Pressure is nothing new for college football players, and particularly not at Alabama. There have always been pressures on and off the field that accompany the expectations associated with being part of one of the nation’s best football programs.

But pressures for players have also changed, and, in some cases, grown.

“The pressures you deal with as a player are significantly higher than they were when I was a player, and that was only seven years ago,” former Alabama quarterback Greg McElroy said. “It hasn’t been that long, and the world is completely different today than it was just a handful of years ago.”

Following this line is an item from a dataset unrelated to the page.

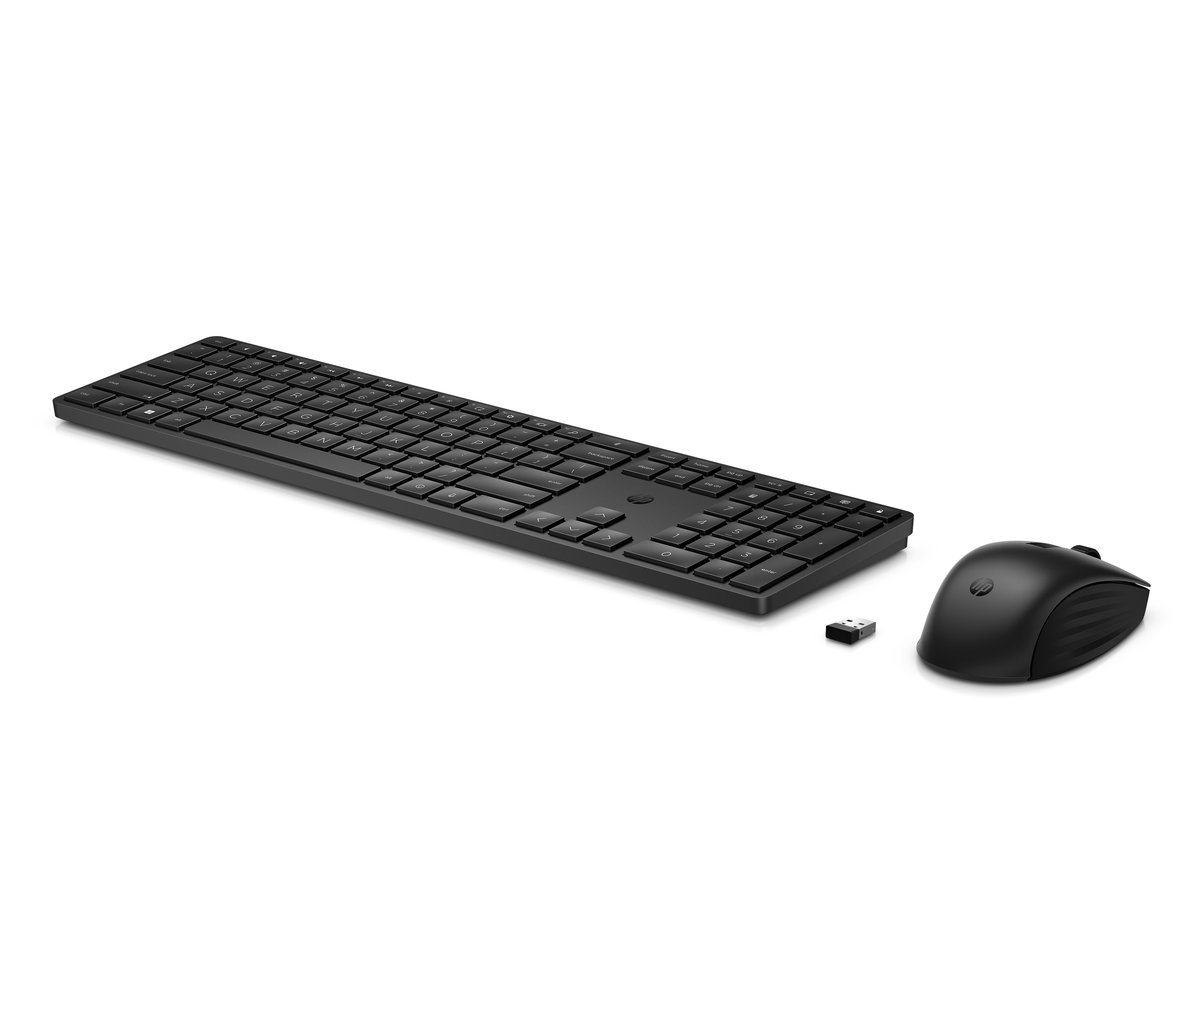 Bezdrátová klávesnice a myš HP 650 - černá (4R013AA)

The traditional pressures that have always been there for student-athletes still exist, too. Players have to balance time spent studying with time training, practicing and in team meetings. There’s pressure from competition in practice. Some players may feel pressure to provide for their families by making it to the National Football League. None of those factors have diminished for athletes.

There’s also the omnipresent pressure that athletes place on themselves.

“I think the pressure comes from within,” said Tennessee coach Jeremy Pruitt, who played at Alabama in 1995-96. “So I think it motivates a lot of the great ones.”

Players at Alabama face their own kind of pressure, too. That comes with the territory when a program wins five national championships since 2009.

“For us we always have to be like on our A game,” senior offensive lineman Ross Pierschbacher said. “We can’t take a week off regardless of who we’re playing. You know, if we’re playing a team, whatever it’s like, we can’t take that week off because the next week we could be playing, that guy that wants a shot at our heads as well.”

Players used to be exposed to fans in limited interaction from the sidelines at a game or when they were spotted on campus. But for players on social media, there’s almost no governor on those dealings.

“The biggest pressure they feel is the social media pressure,” Georgia coach Kirby Smart said. “We didn’t have that when I played and finished up (as a player) around ’99. You didn’t have all of the cameras on you constantly.”

Smart’s college career ended well before Facebook was founded in 2004, Twitter arrived in 2006 or Instagram launched in 2010. Traditional media has also grown since Smart was a player, with more scrutiny coming with increased coverage of college football as a whole.

McElroy, now an analyst and broadcaster for ESPN and the SEC Network, has shifted from being a player to being part of that coverage. The pressure never abated for him. There was scrutiny and criticism of players when he was an athlete, as always, but it can hit closer to home now.

“You had to go to a message board forum if you were going to see what people were actually saying about you,” he said. “Now, in today’s day and age, the social media era, I get done with a game and check my phone and I’m getting told to go jump off a cliff. It’s just different now.”

Those new pressures don’t show any signs of dissipating, either. The old and new sources of pressure seem to add up for this era of athletes.

It wasn’t as big a part of the culture for previous players, but it’s something today’s athletes carry around in their pockets.

“I think we’re a lot quicker to criticize in society than we are to love and appreciate,” McElroy said. “I think that’s a little bit unfortunate, but you know what you sign up for. You know that if you’re going to go play quarterback at Georgia or Alabama or USC, you’re going to be operating under a very powerful microscope. You kind of embrace that and appreciate that and know that all the times that you’re getting heckled and criticized, hopefully on the other side of the coin, after a great performance you’re getting loved up and appreciated.”